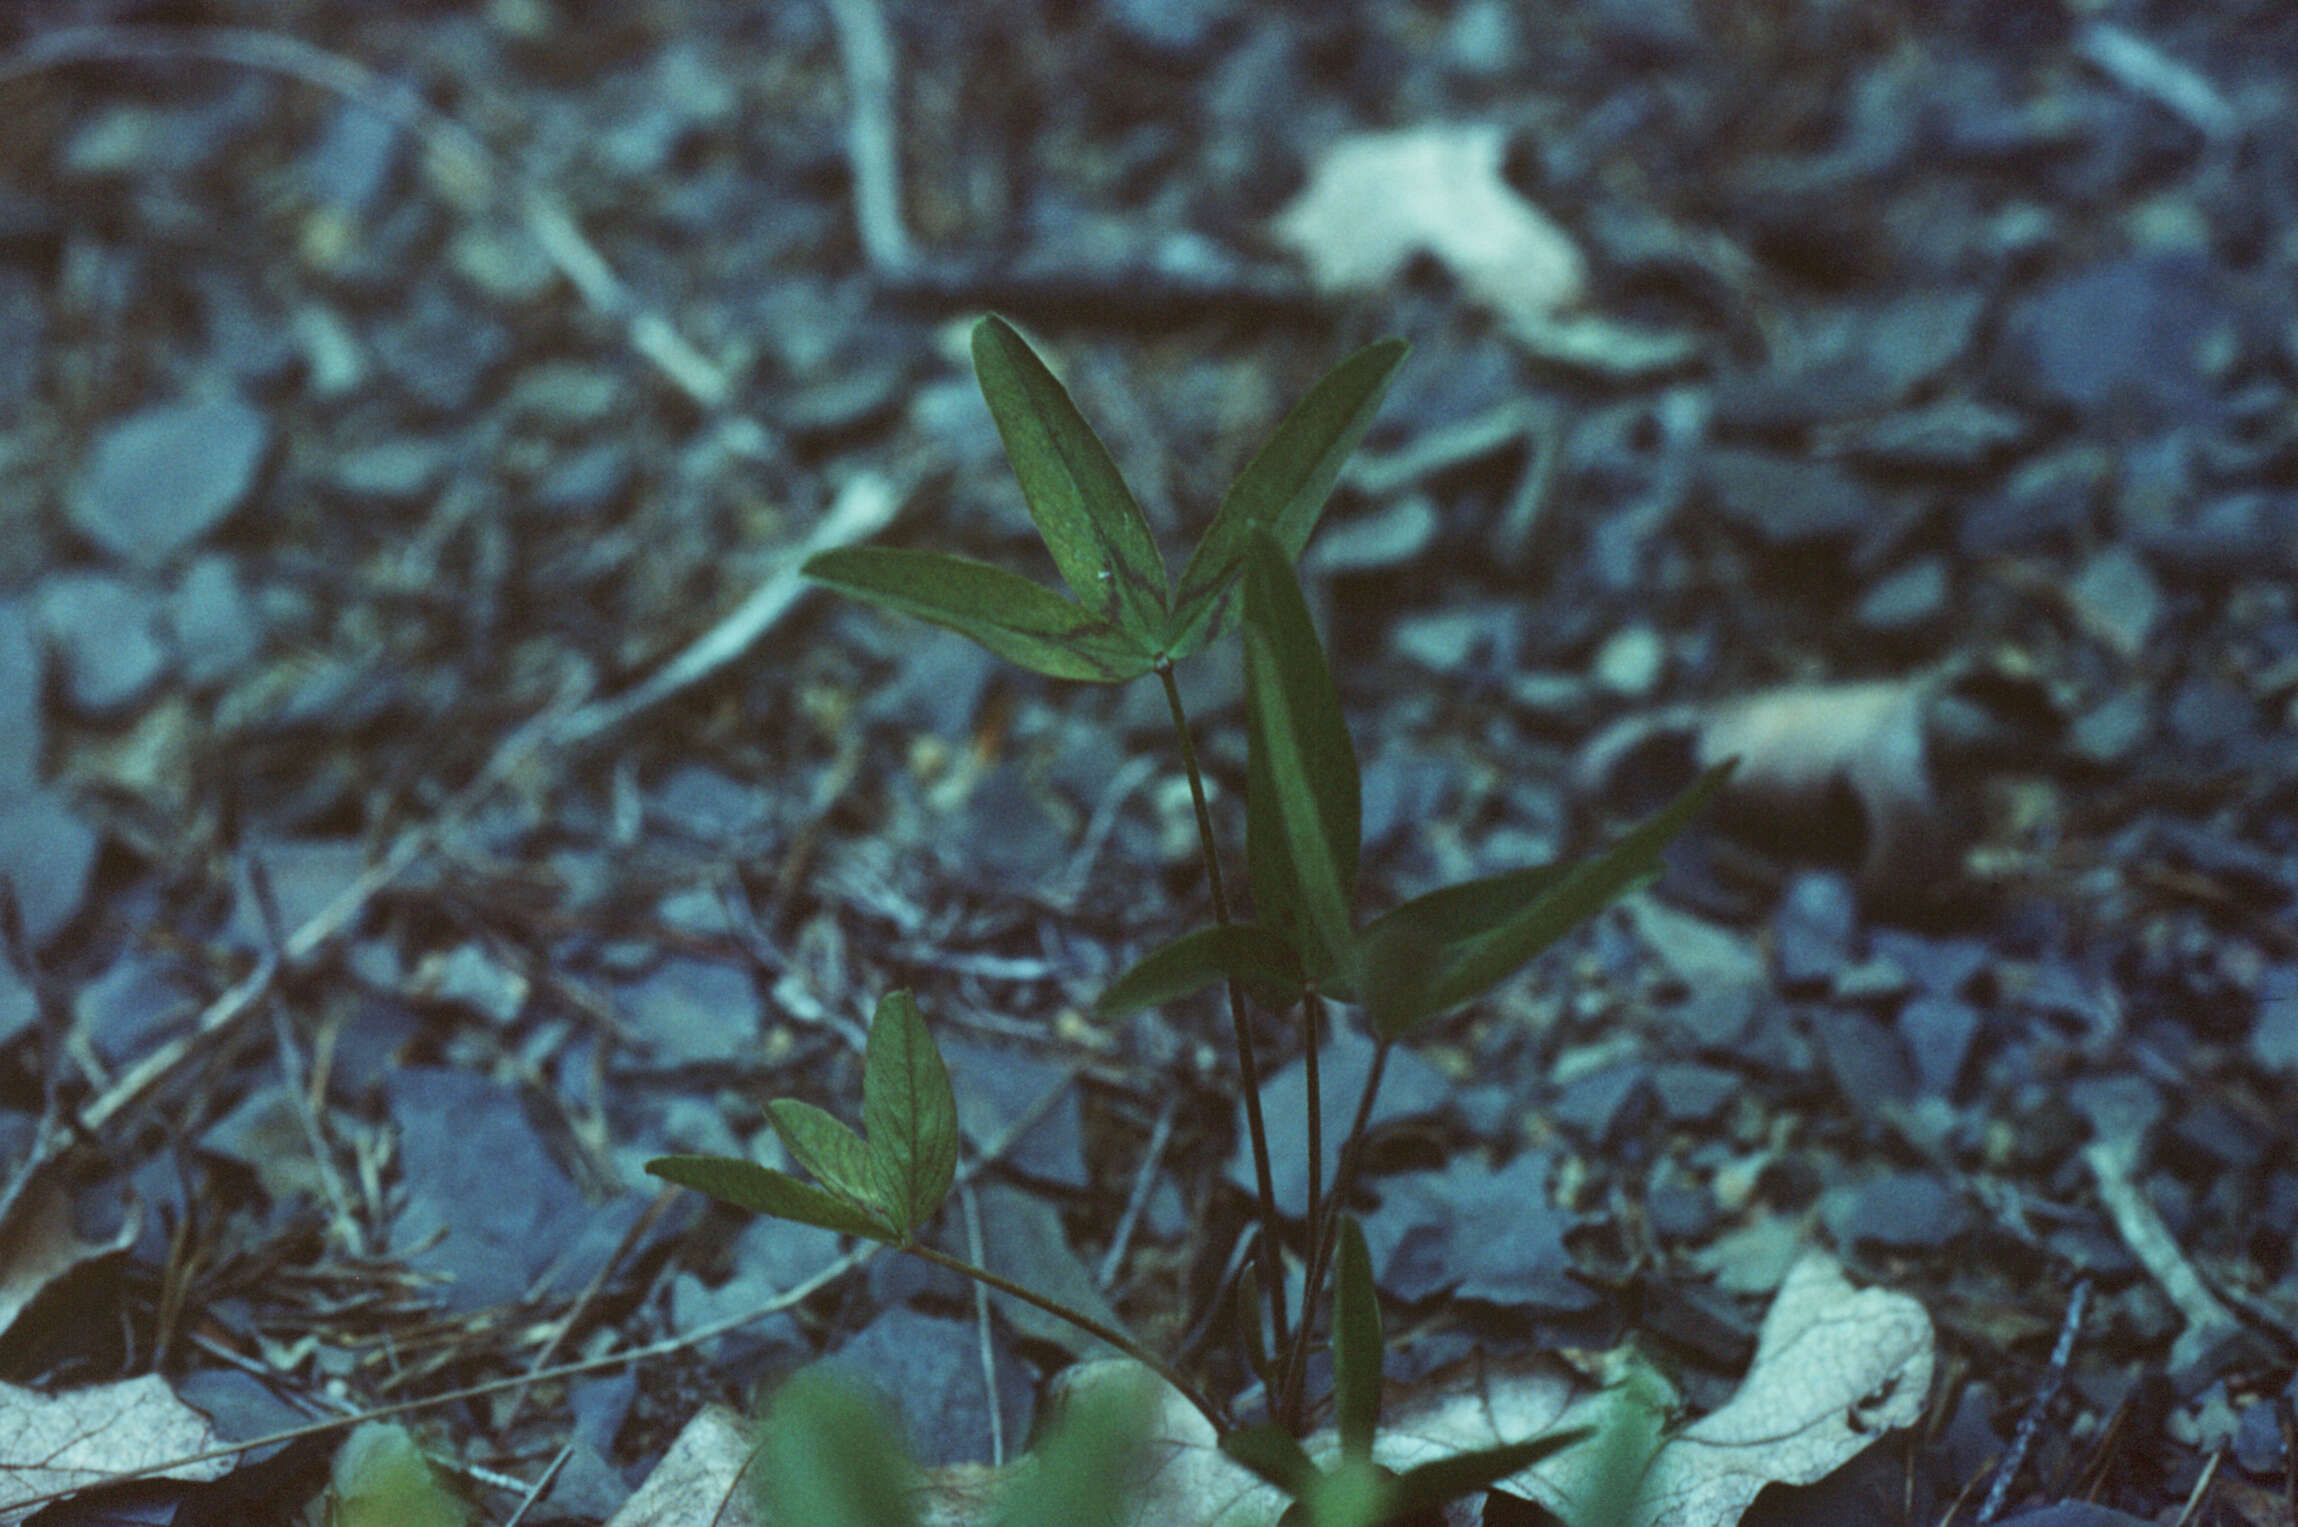 Image of Kates Mountain clover
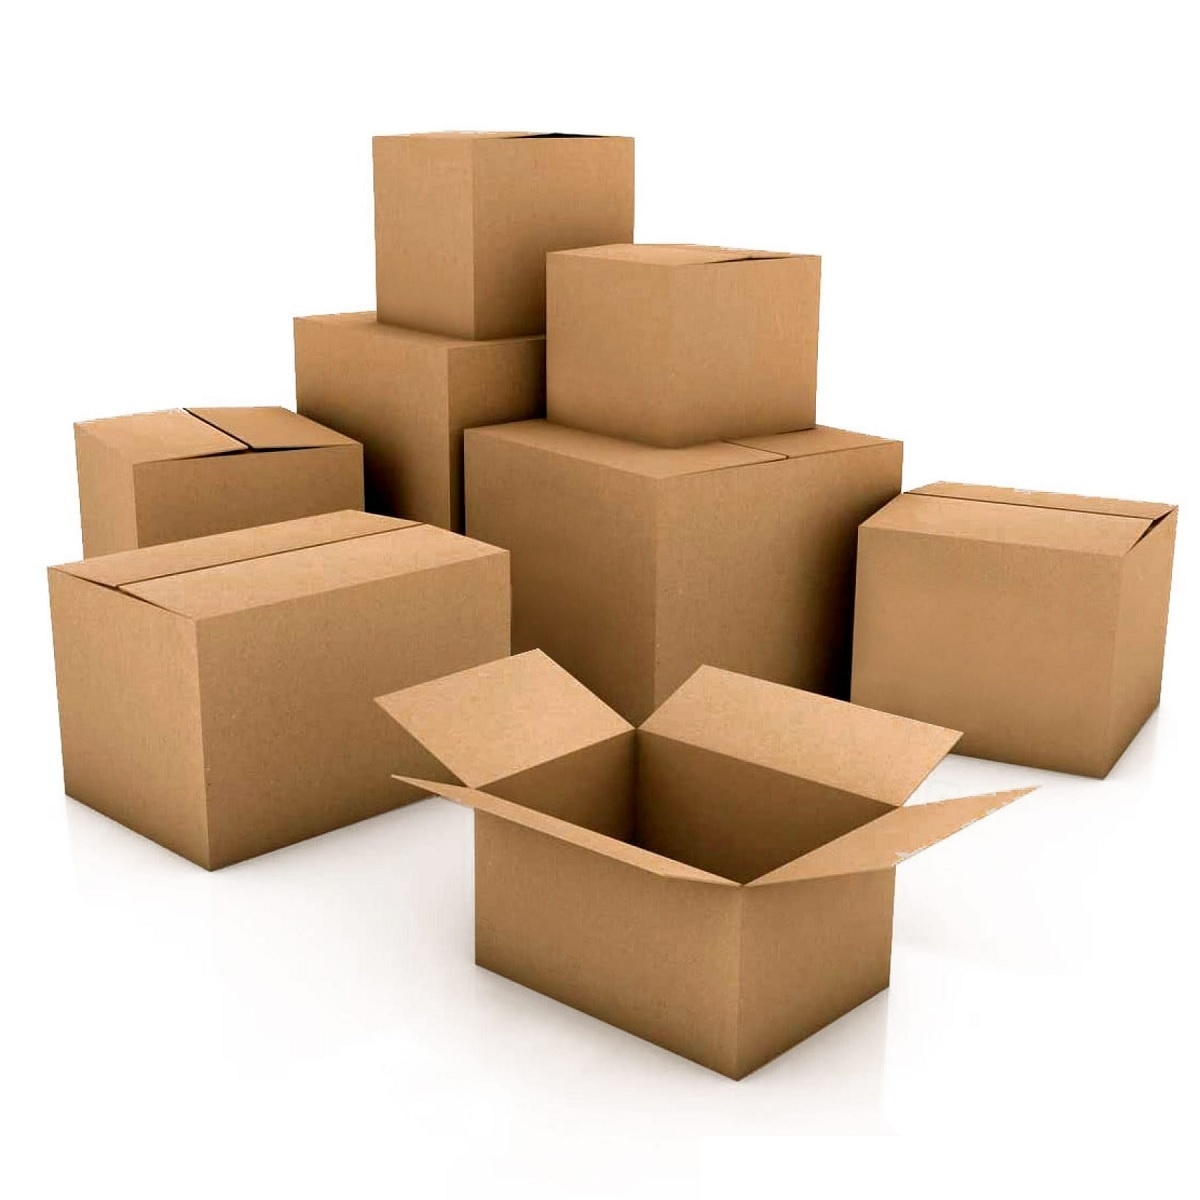 Kapper Nebu Shipley Verpakkingen kopen? Bestel online - VerpakkingenXL
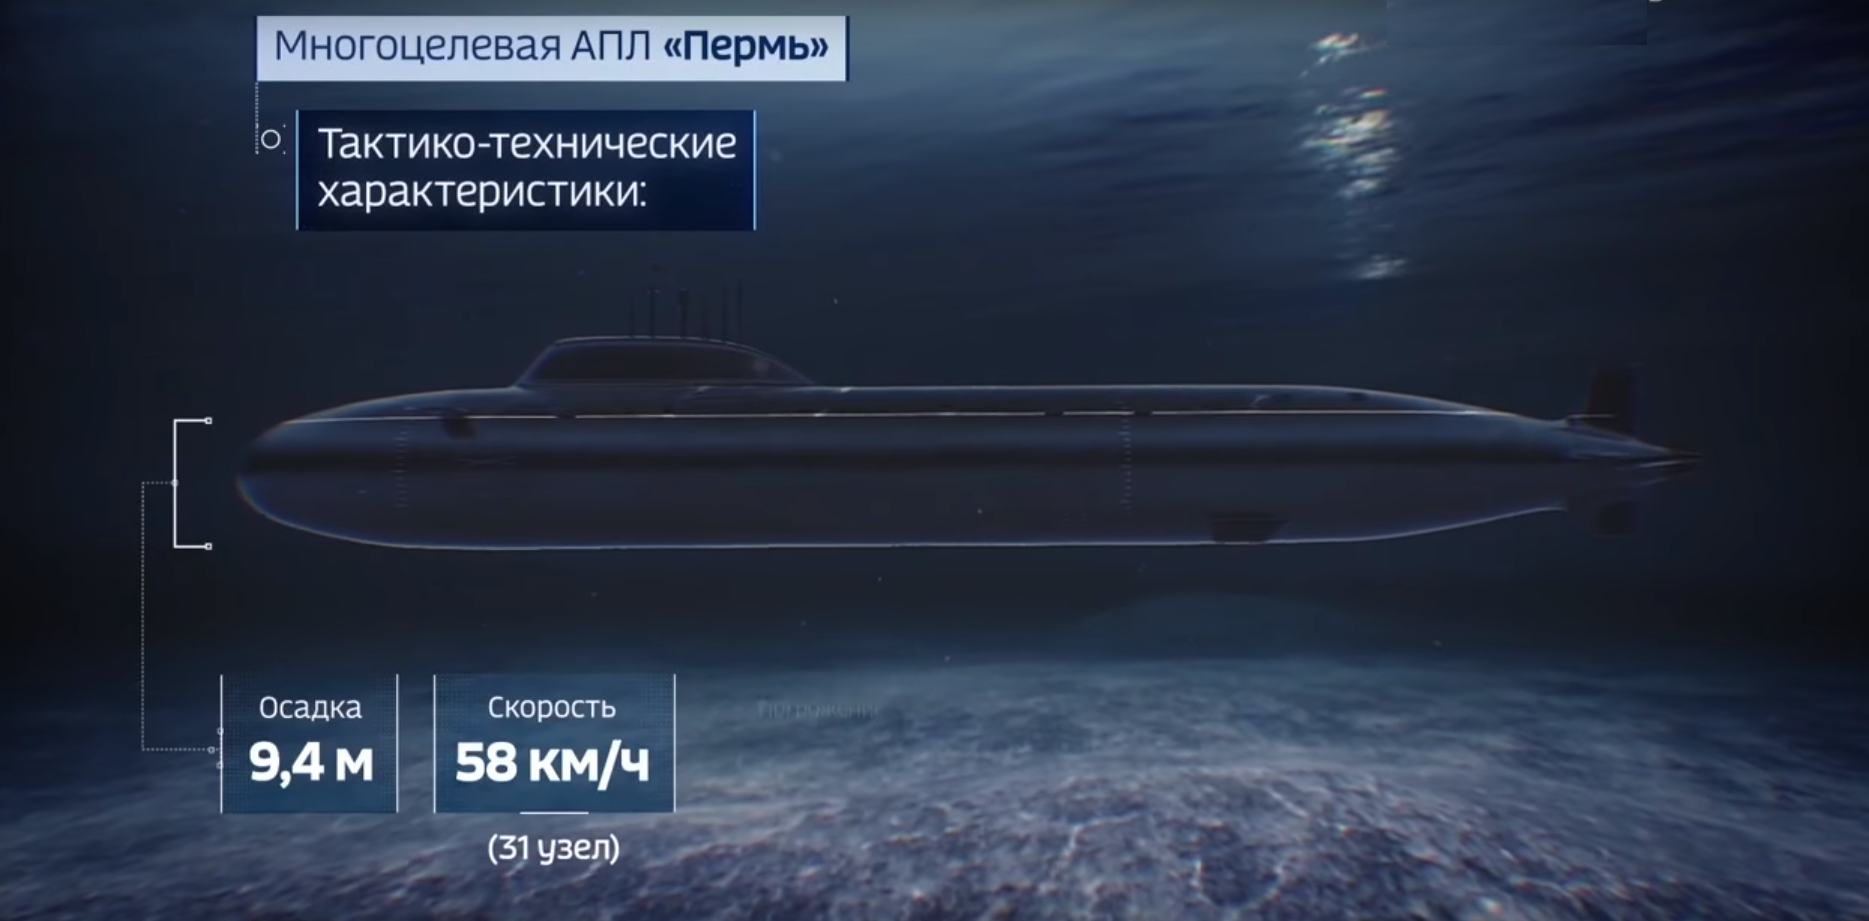 АПЛ «Пермь»: ренессанс российского атомного флота
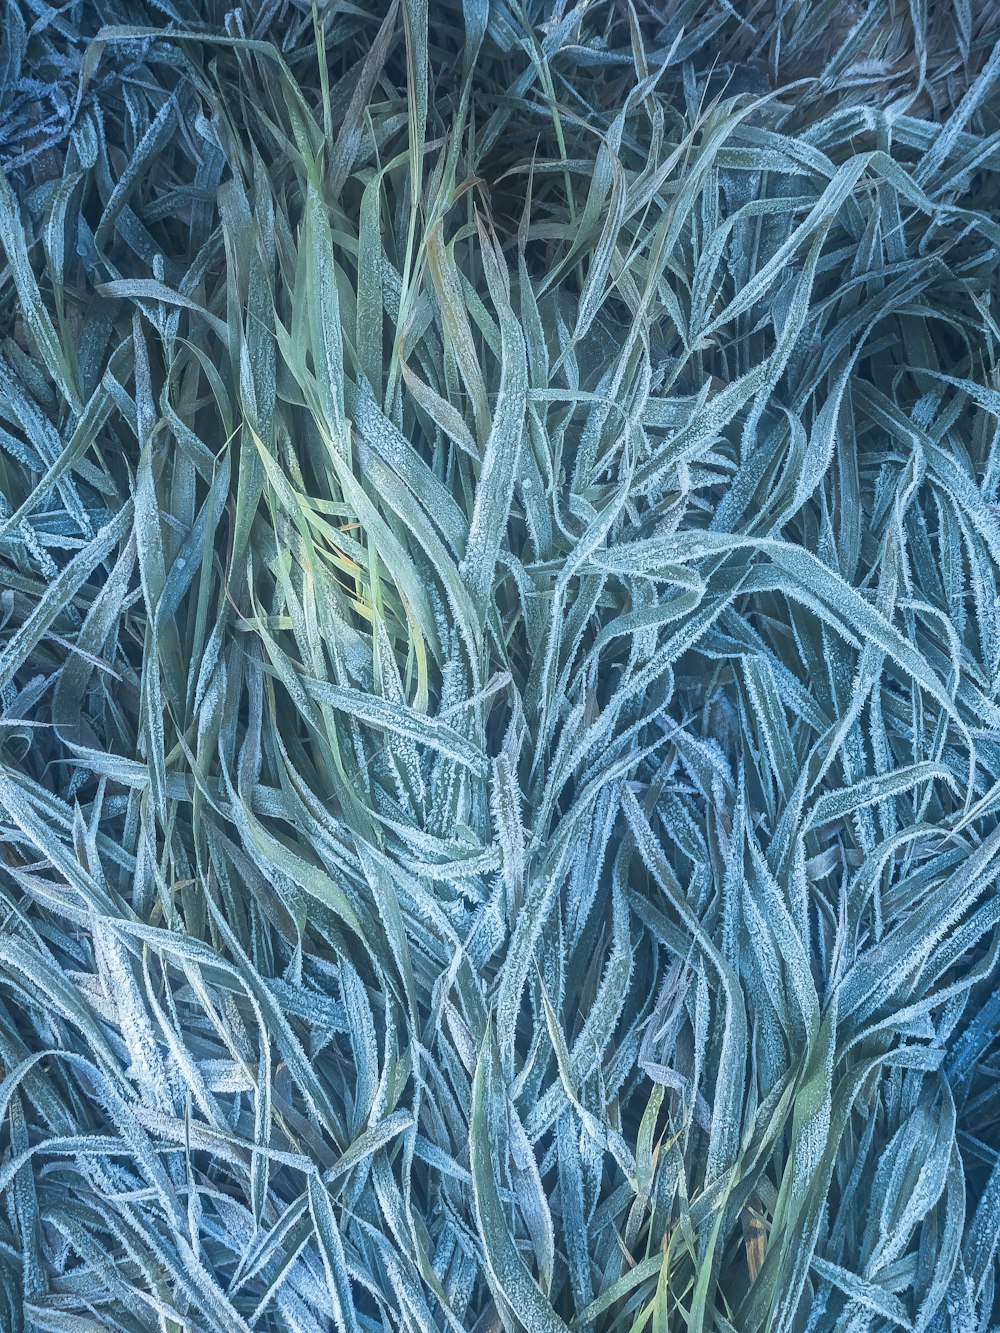 Eine Nahaufnahme von einem Haufen blauem Gras

# [Exercise directions]
Exactly as written, copy out the listing, but without any pictures.

# [Task response]
 Image of Kates Mountain clover
 Kapper Nebu Shipley Verpakkingen kopen? Bestel online - VerpakkingenXL
 АПЛ «Пермь»: ренессанс российского атомного флота
 Eine Nahaufnahme von einem Haufen blauem Gras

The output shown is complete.